Version v1.5 of the documentation is no longer actively maintained. The site that you are currently viewing is an archived snapshot. For up-to-date documentation, see the latest version.
Database Cache
Overview
The Database (DB) Cache is an alternative cache implementation in Porch designed for larger deployments. It stores both package metadata and repository data in a PostgreSQL database rather than in memory or Kubernetes Custom Resources.
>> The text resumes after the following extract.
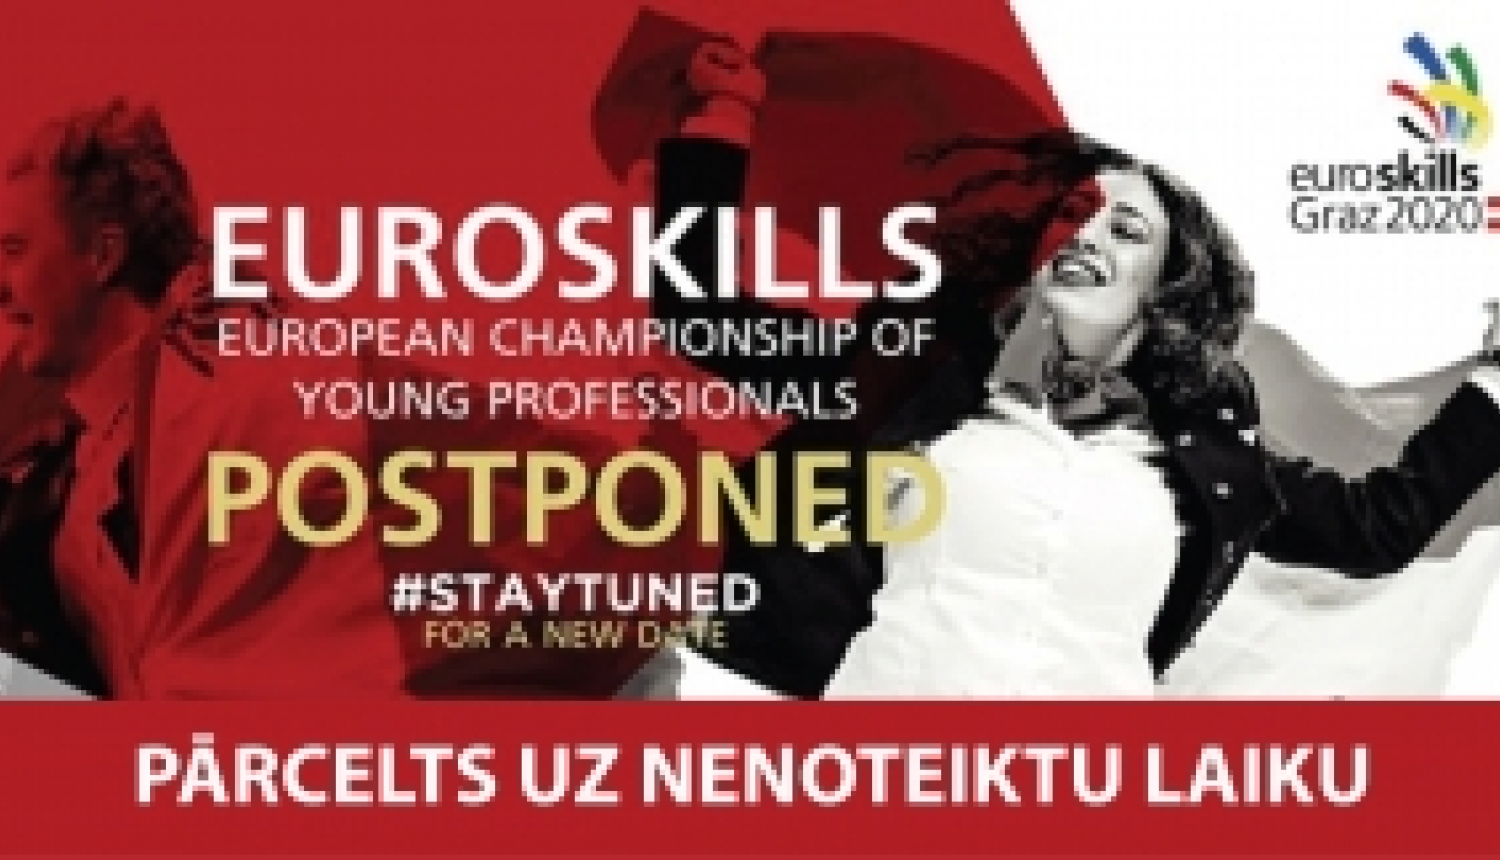 Starptautiskais konkurss EuroSkills2020 pārcelts uz nenoteiktu laiku

This implementation provides better scalability and persistence characteristics for production environments with high package counts.
Key characteristics:
- Alternative implementation: Used when explicitly configured with database connection details
- Database-backed storage: All repository, package, and package revision data stored in PostgreSQL
- External dependency: Requires PostgreSQL database instance
- Suitable for: Large deployments with thousands of packages and package revisions
- Better persistence: Survives Porch server restarts without re-fetching from Git
- Git interaction: Interacts with Git only during approval/publish and sync operations
Implementation Details
Storage Architecture
The DB Cache uses a database-centric storage model:
PostgreSQL Database
│
├─ repositories table
│ └─ Repository metadata
│
├─ packages table
│ └─ Package metadata
│
├─ package_revisions table
│ └─ Package revision metadata
│
└─ package_revision_resources table
└─ Package resources (KRM YAML)
Database Storage:
- Repository connections and metadata
- Package metadata (names, paths)
- Package revision metadata (lifecycle, tasks, upstream locks)
- Package resources (full KRM resource content)
- Timestamps and user tracking for all entities
No In-Memory Cache:
- All data retrieved from database on demand
- No in-memory caching of package revisions
- Database query performance critical for responsiveness
- Relies on PostgreSQL query optimization and indexing
Database Handler
The DB Cache uses a singleton database handler that manages the PostgreSQL connection:
Connection management:
- Single database connection shared across all repositories
- Connection opened during cache initialization
- Connection pooling handled by PostgreSQL driver
- Ping check on connection open to verify connectivity
- Connection closed when cache is shut down
Configuration:
- Driver: PostgreSQL driver (pgx)
- DataSource: Connection string with host, port, database, credentials
- Configured via CacheOptions at Porch server startup
Singleton pattern:
- One DBHandler instance per Porch server
- GetDB() returns the singleton instance
- OpenDB() creates the singleton if not already open
- CloseDB() closes connection and clears singleton
Repository Storage
Each repository is stored in the repositories table with metadata stored as JSON:
Storage approach:
- Repository metadata (namespace, name, spec) persisted in database
- Metadata stored as JSON for flexibility
- Timestamps track last update and user
- Deployment flag indicates repository type
Repository lifecycle:
- OpenRepository checks if repository exists in database
- If not found, creates external repository adapter
- Writes repository metadata to database
- Starts background sync manager
- CloseRepository stops sync and deletes all cached packages
- Removes repository row from database
Package and Package Revision Storage
The DB Cache uses a relational model with four tables:
Relational structure:
- Repositories → Packages (one-to-many)
- Packages → Package Revisions (one-to-many)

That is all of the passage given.